Oooh, something I know how to answer!! That's a rarity for me!! 

I've kept diamond doves for ages and you can normally tell the sexes apart pretty accurately from the pink eye ring - males have a much thicker eye ring than the females. Although young doves will all have the same thin eye ring as the females so if the birds you have are young, you may have to wait a while.

Also the males have a little ritual, they will bow their heads to the floor, coo repeatedly and fan their tails in and out whilst holding them bolt upright. Of course, the best way to find out is to give them a nest pan and see if they breed! Given the right food and housing, they breed very very easily.

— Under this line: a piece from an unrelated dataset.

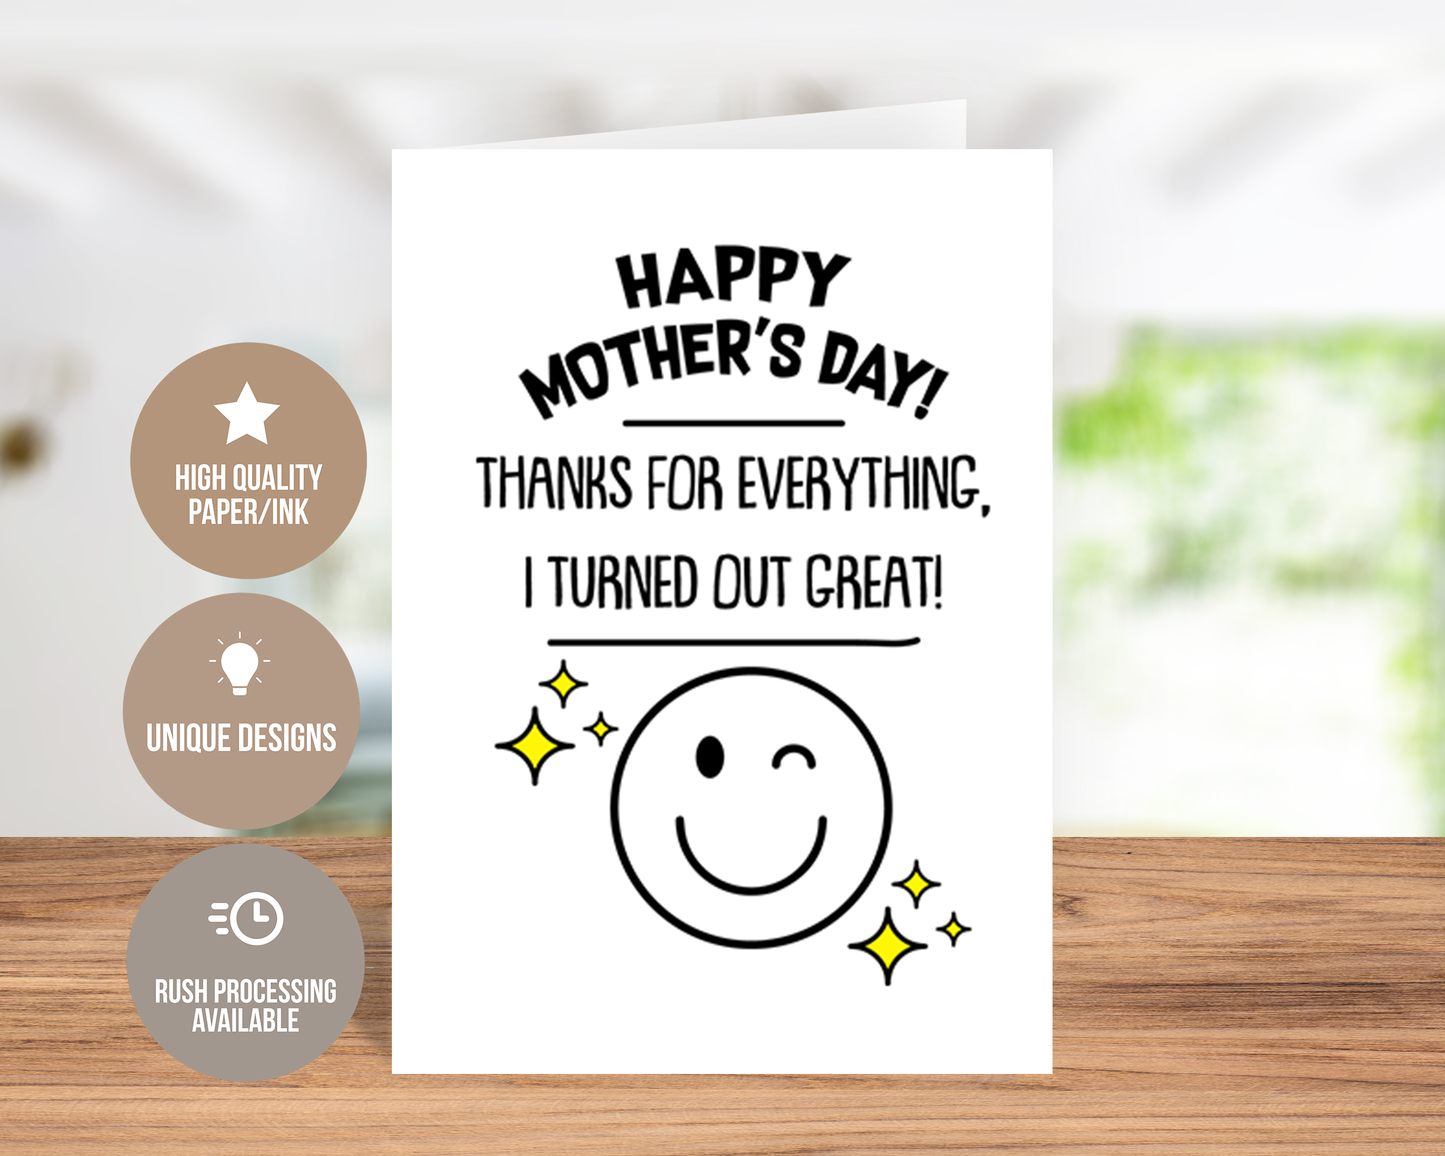 Thanks For Everything, I Turned Out Great! Mother's Day Card

As for the colours, I'm not so good with them but I'll have a look at your pictures and if I know anything useful I'll post it in a minute!


----------



## Georgina (Jun 24, 2008)

I've had a look at your pictures - Dallas is definately male (see the big eye ring?!) and Debbie, unless she's a very young bird, is definately female. Still not a clue about colour except to say that they're the white rumped variety rather than the natural reddy brown type. But quite what sort of white rumped is a mystery to me I'm afraid - Debbie is beautiful!


----------



## Yitzach (Mar 5, 2009)

Yeah I was aware that Dallas is a Blue White Rump but Debbie is a complete mystery to me, I am assuming that she is a she due to the fact that her voice is not as strong or as clear as Dallas when they coo. The exciting part now is to see if they breed and what colors they will throw. Thanks Georgina.


----------